Ma la digitalizzazione dell’editoria, sacrosanta, rischia di premiare soprattutto chi può fare investimenti globali e generalisti, livellando la qualità dell’offerta e mettendo a repentaglio la pluralità del mondo della cultura libraria, soprattutto nel lungo periodo e per chi resta periferico rispetto ai grandi gruppi scegliendo la diversità culturale.
Tornando ai dati diffusi da Aie, l’importante è che l’effetto rimbalzo si trasformi finalmente in una svolta per l’Italia del libro, da sempre fanalino di coda in Europa con circa 55 italiani su 100 che secondo i dati Istat non leggono neppure un libro l’anno.
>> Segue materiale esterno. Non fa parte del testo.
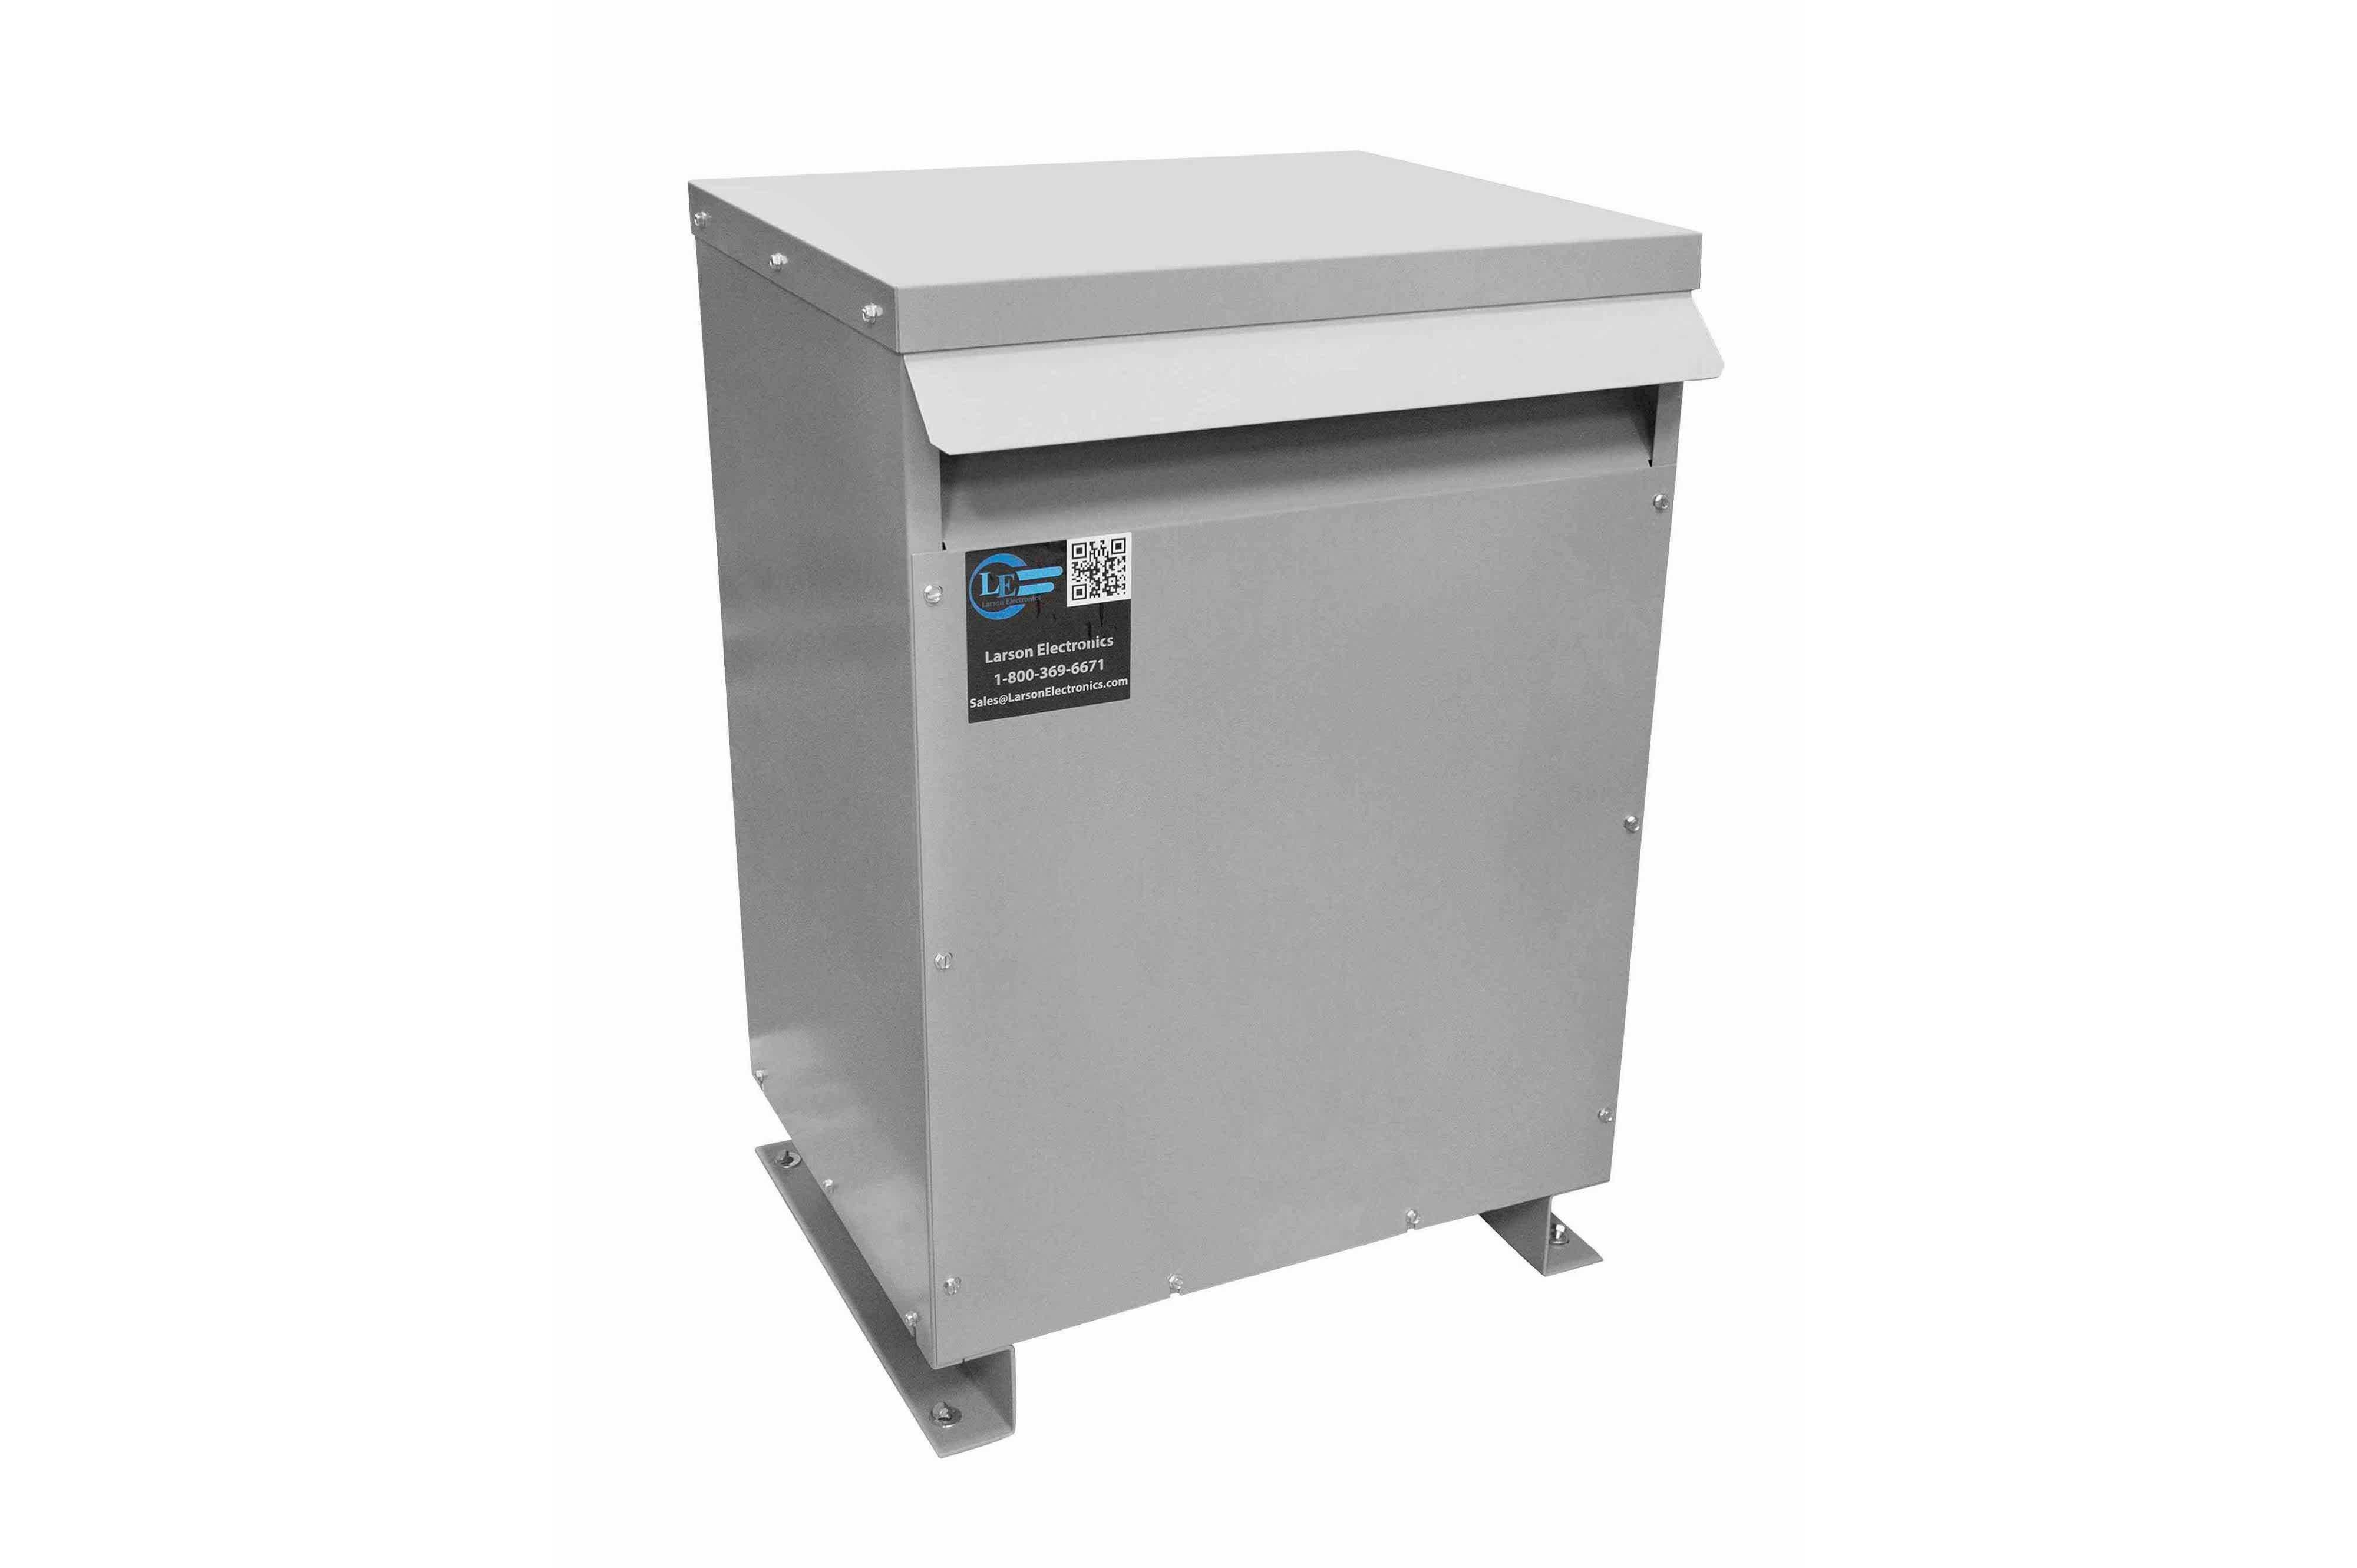 90 kVA 3PH Isolation Transformer, 240V Wye Primary, 480Y/277 Wye-N Secondary, N3R, Ventilated, 60 Hz

Il vero nemico, conviene ribadirlo, non è l’ebook e non sono i social, ma la disattenzione con cui talvolta lasciamo deperire l’idea stessa di cultura attraverso i libri.
Per dare nuova linfa all’editoria serve una fase di sperimentazione che porti con sé una vera e propria mutazione antropologica e tecnologica all’interno di un sistema, anche politico, che salvaguardi il libro come qualcosa di essenziale
Per dare nuova linfa all’editoria serve una fase di sperimentazione che porti con sé una vera e propria mutazione antropologica e tecnologica all’interno di un sistema, anche politico, che salvaguardi il libro come qualcosa di essenziale. Favorendo tutte quelle espansioni della pagina che adottano strumenti per arrivare a un pubblico più vasto, senza penalizzare la pluralità e valorizzando la promozione della lettura a partire dalla scuola.